The paragraph after your quote does call it a "one-shift hit"
Right. A "one-shift hit", not a "one-stress hit". Consider the baseline rules for attacks: you do a contested roll to determine if there's a hit, and if so how many shifts the attacker gets for the attack. You then translate shifts into stress by adding weapon rating and subtracting armor (and maybe adding other modifiers, such as for Strength powers or stunts). So by saying that the grappler gets "an unopposed attack ... which has a value of one shift" or can "inflict a one-shift hit", the wording implies that this is an attack that is assumed to hack skipped the contested roll and gets an automatic one-shift result. Then it seems as though you'd translate this into stress by adding (appropriate) weapons and subtracting armor. (Note that "Any successful attack adds the weapon value to the stress inflicted, but subtracts any relevant
armor value" (YS202) and the grapple rules indicate that this is in fact an attack that has succeeded to the tune of one shift).

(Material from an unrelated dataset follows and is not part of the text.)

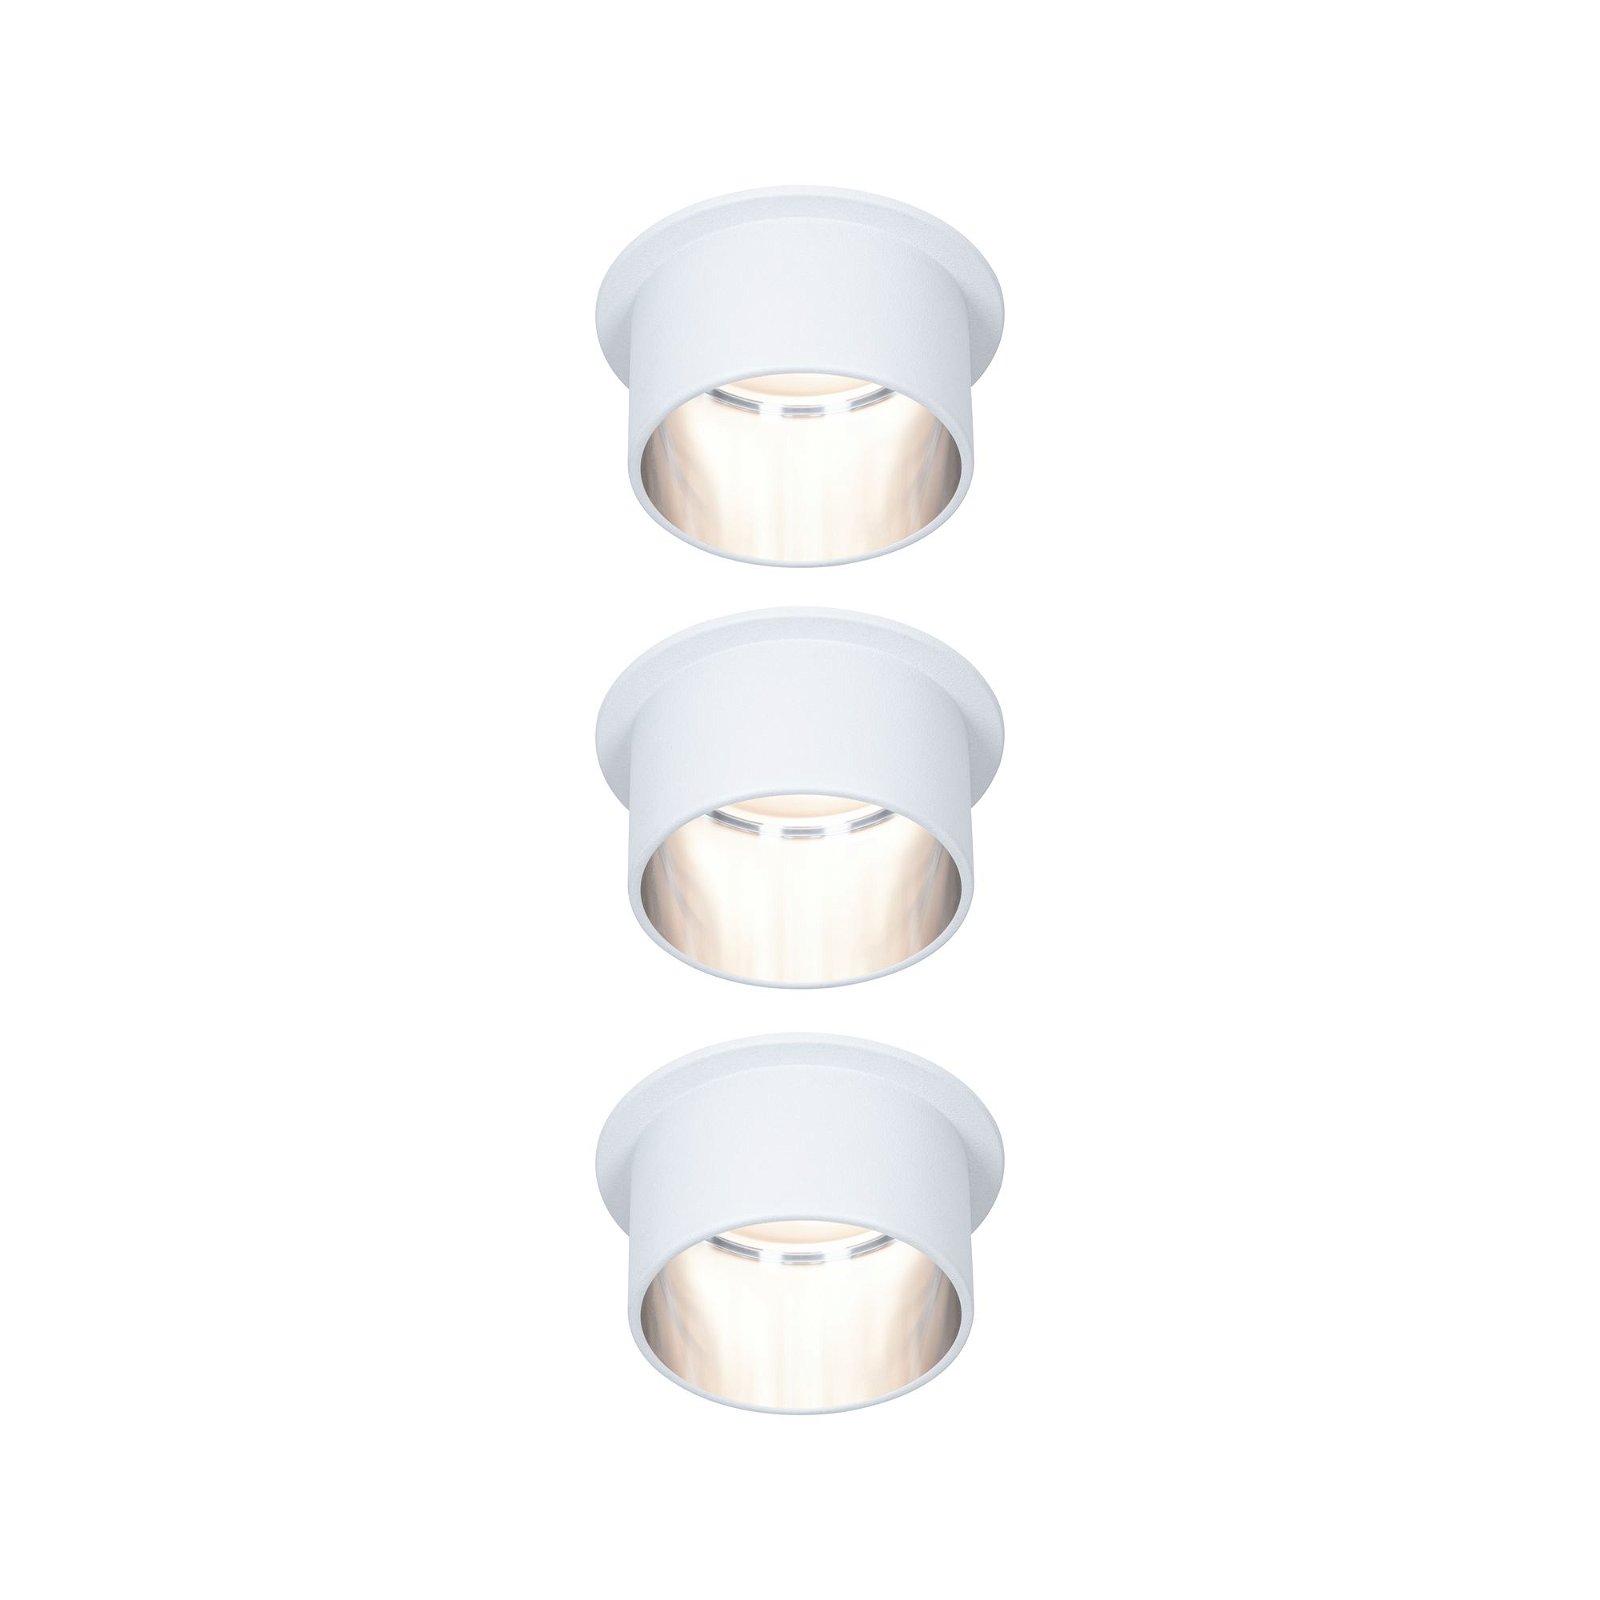 LED Recessed luminaire 3-Step-Dim Gil Coin Basic Set IP44 round 68mm Coin 3x6W 3x470lm 230V dimmable 2700K Matt white/Brushed iron

I hadn't noticed this before, and to be honest I'm not sure that this is what the designers intended, but it does seem to be what it says -- and I can't see any alternate wording in related sections that would lead to a different conclusion (which is known to happen from time to time in the RAW). If it had been worded as "inflicting one stress", then I'd go with that, since weapons only affect
attacks. As a side effect, this also seems to mean that someone with mundane armor may or may not reduce the stress depending on whether the means of inflicting the damage would make the armor useful (I've kind of assumed all along that Toughness powers would apply, making a character possessing them largely immune to grapple damage from characters without a grapple damage bonus).
Aha! As I'm writing this and looking through the rules, I think I've found a loophole that probably counter my argument. You see, grapples are governed by
Might. And Might does not include trappings for any weaponry, so technically the weapon ratings wouldn't apply. Unless, of course, you had a stunt that either allowed you to add a weapon trapping to Might, or to grapple using a skill that had a weapon trapping. Of course, this still leaves the question of whether armor rating (particular
Still, I like the idea; it might be worth working into a house rule of some sort (or a stunt).